Ist der Kahle Krempling gefährlich? Wo wächst der Gemeine Samtfussrübling? Was ist das überhaupt, ein Pilz? Antworten kennt der neue «Pilzführer Schweiz».

Schon als Kind faszinierten sie mich, wenn ich ihnen auf meinen Streifzügen durch den Wald begegnete: die Nebelkappen mit ihren Hexenringen. Die Tintlinge, die mit der Zeit zu einer ekligen schwarzen Sauce zerlaufen. Die Boviste, aus denen beim Drauftreten Wolken von Sporen aufwirbeln. Und natürlich die Fliegen- und Pantherpilze mit ihren weissen Tupfen. Aber essen mochte ich keine Pilze. Ihre Konsistenz war mir unheimlich, kam mir vor wie etwas Ausserirdisches. Manche sahen auch so aus.
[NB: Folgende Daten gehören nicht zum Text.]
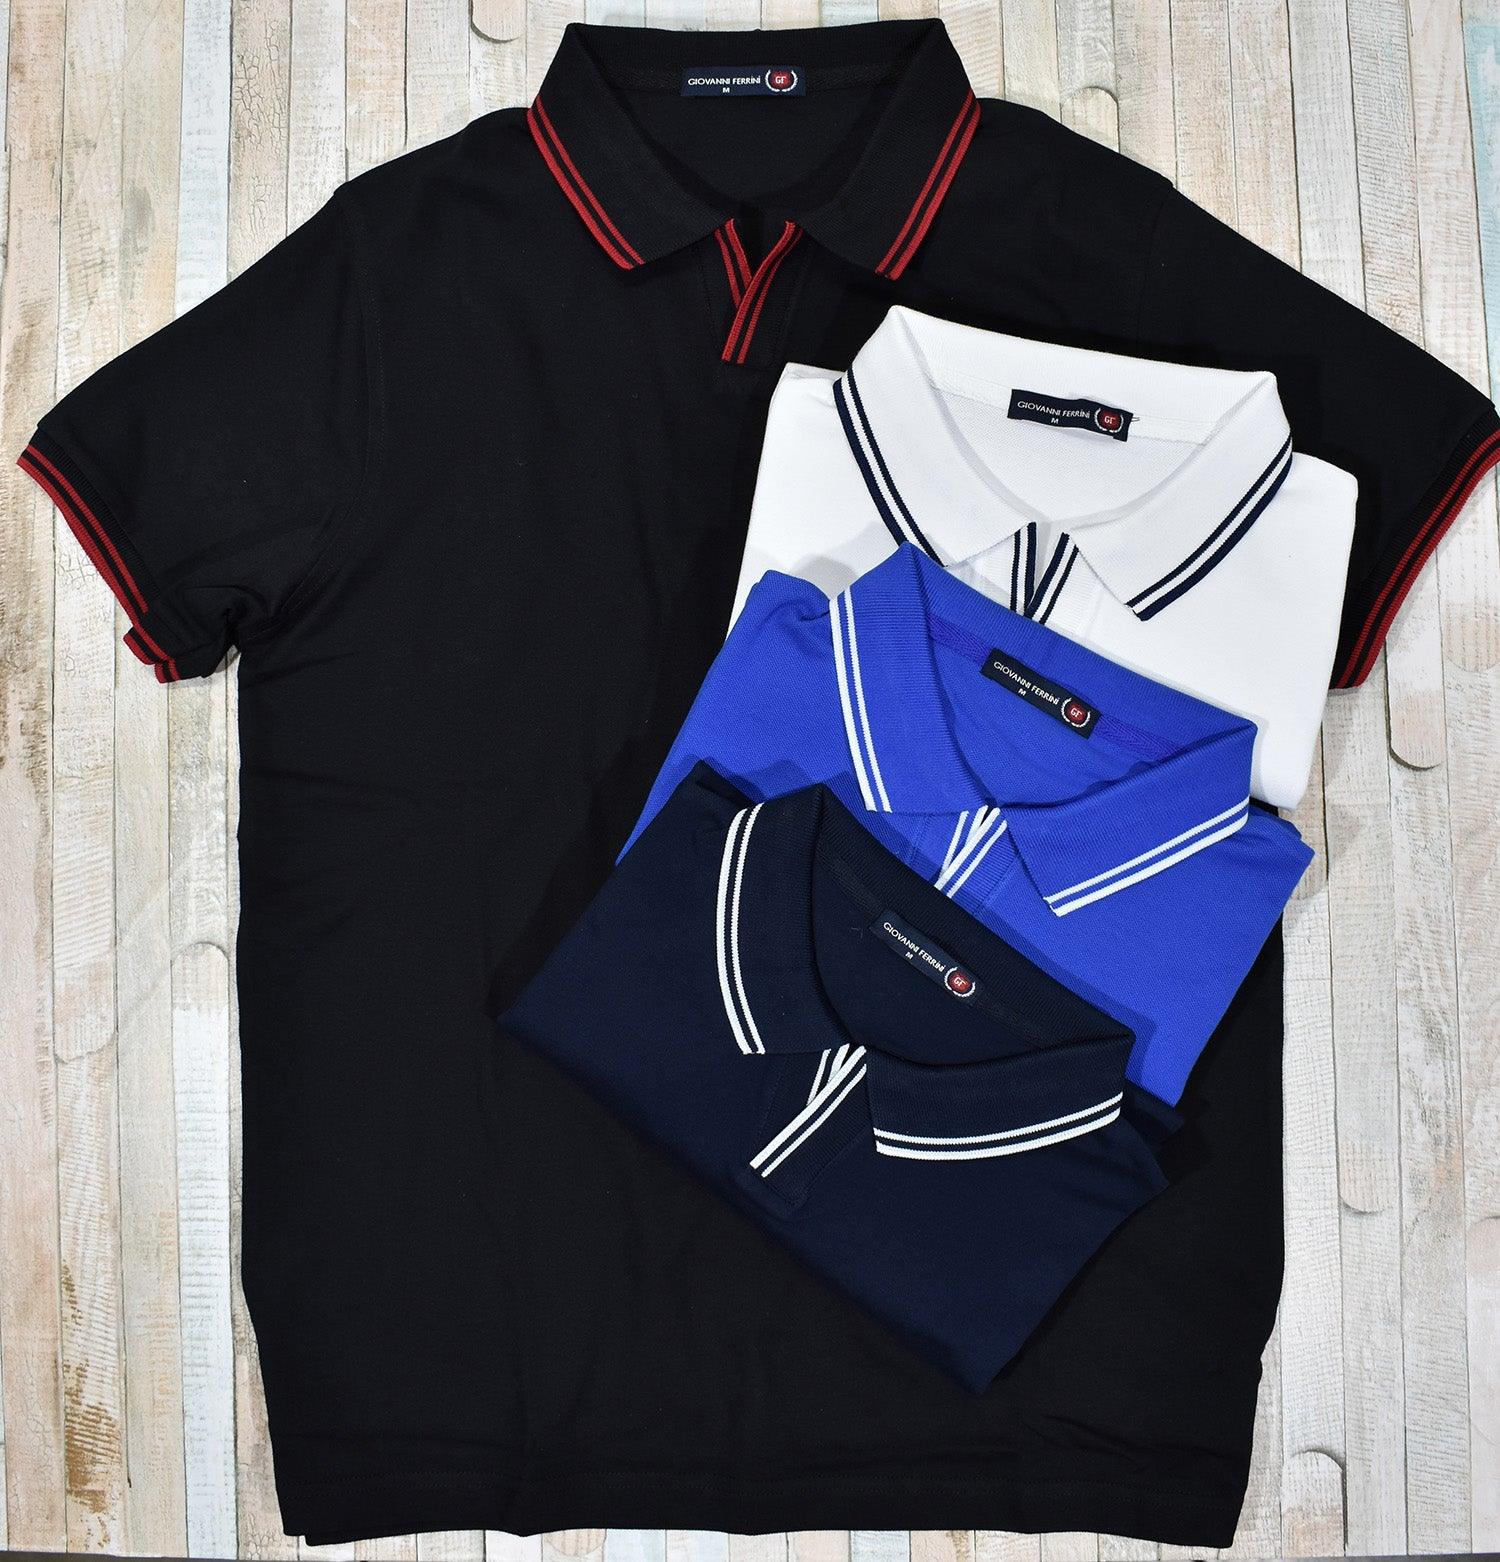 When your basic polo just won't cut it out on the town or for a date, this stylish polo sports and made of style and sophistication.  Soft cotton pique with a touch of Lycra for stretch comfort. Open collar lays nicely without buttons. Contrast tipping detail on collar, placket and cuffs. Classic fit.
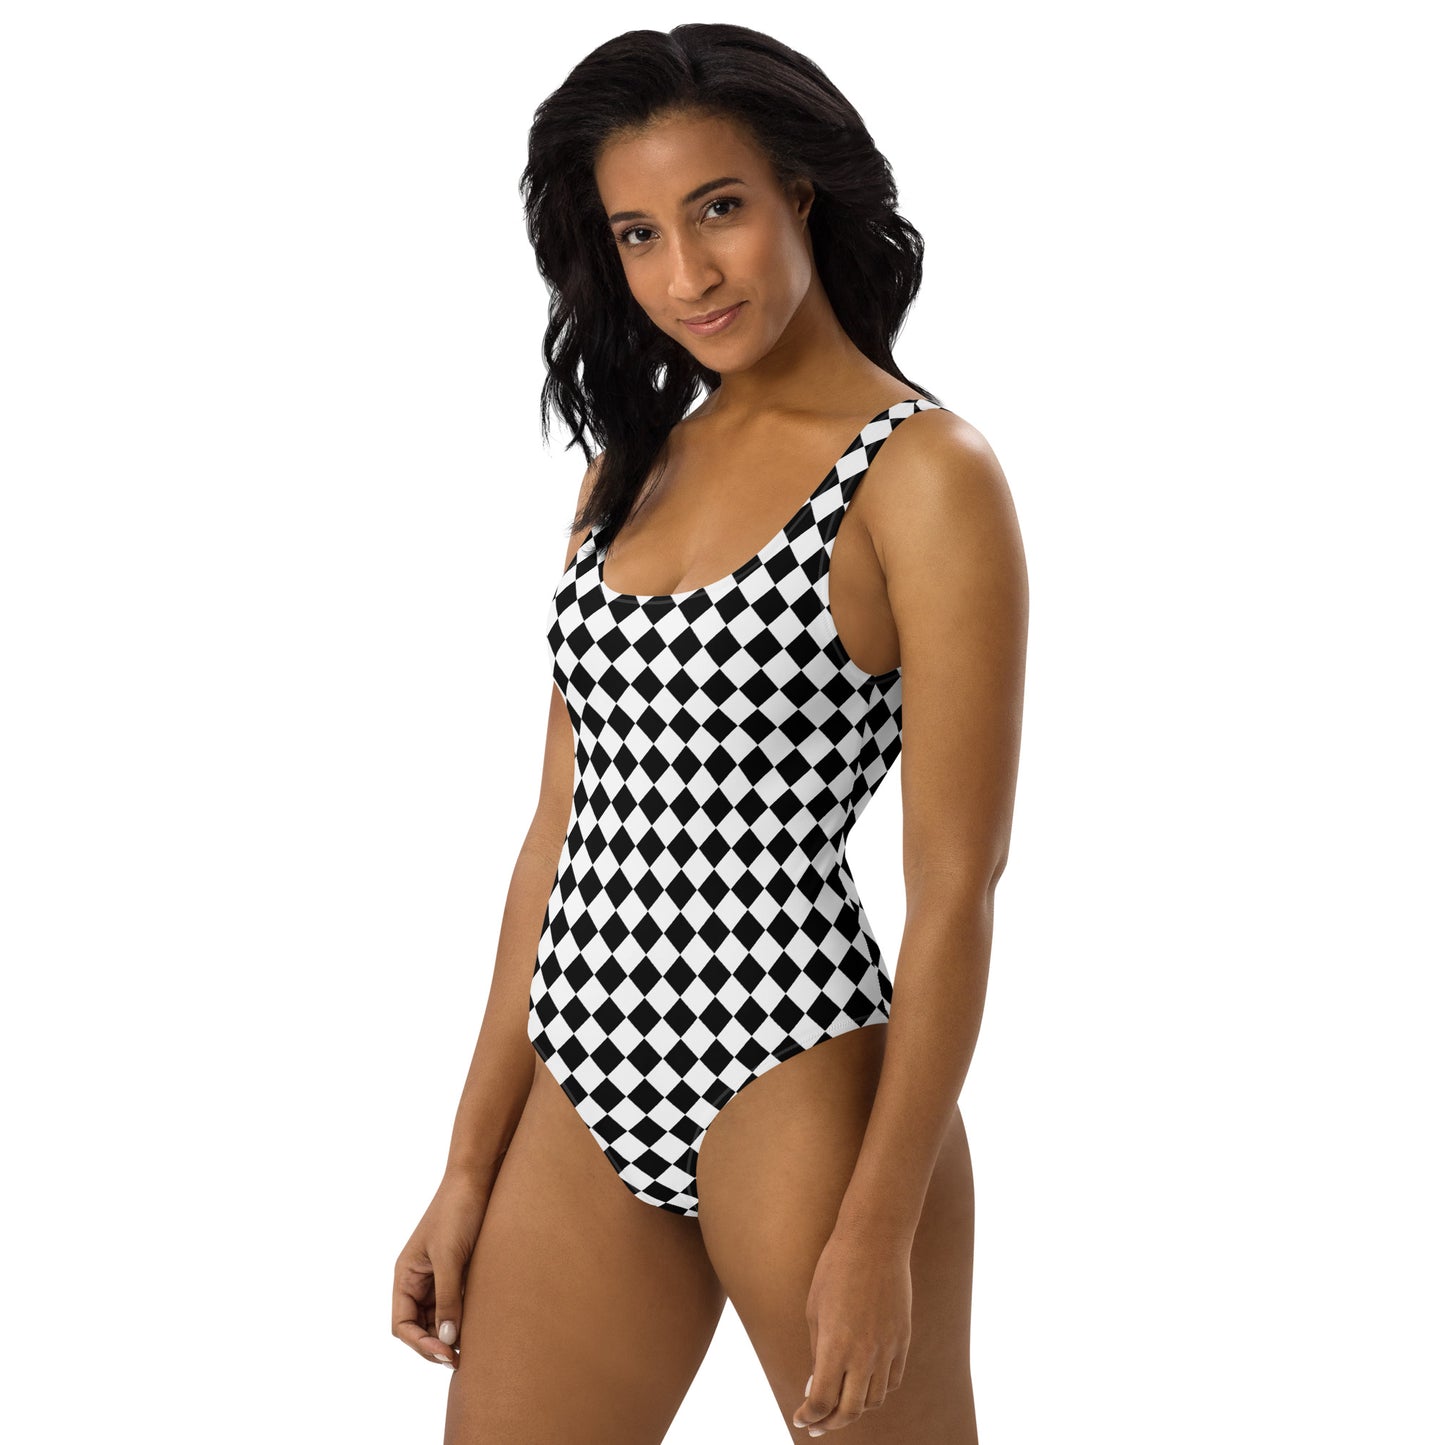 Woman with swimsuit with a print of a chessboard

Später wurde ich dann doch zur Pilzliebhaberin. Als ich auch noch von gewissen halluzinogenen Wirkungen hörte, begann ich sogar wieder Pilzbücher zu lesen. Doch um diese geht es hier nicht (Interessierte informieren sich bitte beim Solothurner Nachtschatten Verlag), sondern um ein ganz «normales», ausgezeichnetes Pilzbuch, das kürzlich erschienen ist.

Der «Pilzführer Schweiz» stellt über 150 Arten mit Farbfotos vor - wo nötig mit mehreren Bildern zur gleichen Art, die die Pilze in verschiedenen Altersstufen, von oben und unten und im charakteristischen Umfeld zeigen. Auch auf mögliche Verwechslungen wird genau eingegangen. Der «Pilzführer Schweiz» ist aber noch viel mehr als ein Bestimmungsbuch. Was ist eigentlich ein Pilz? Warum ist er keine Pflanze? Warum lassen sich viele Pilzarten nicht züchten? Was passiert bei einer Pilzvergiftung? Auch zu diesen Punkten geht das Buch ins Detail. Elf verschiedene Vergiftungssyndrome werden mit grausigen Details beschrieben. Viele Pilzgifte wirken erst stark verzögert oder nach mehrmaliger Einnahme. Deshalb werden heute noch neue Gifte entdeckt: Das Gift Orellanin im Orangefuchsigen Raukopf führt erst Wochen nach dem Essen zu einem schweren Nierenschaden. Der Kahle Krempling kann jahrelang problemlos gegessen werden, bis plötzlich, wenn ein gewisses Quantum erreicht ist, ähnlich wie bei Leukämie lebensgefährlich die roten Blutkörperchen zerfallen. Und wer Faltentintlinge isst und dazu (oder auch noch drei Tage später!) Alkohol trinkt, erleidet einen Kreislaufkollaps.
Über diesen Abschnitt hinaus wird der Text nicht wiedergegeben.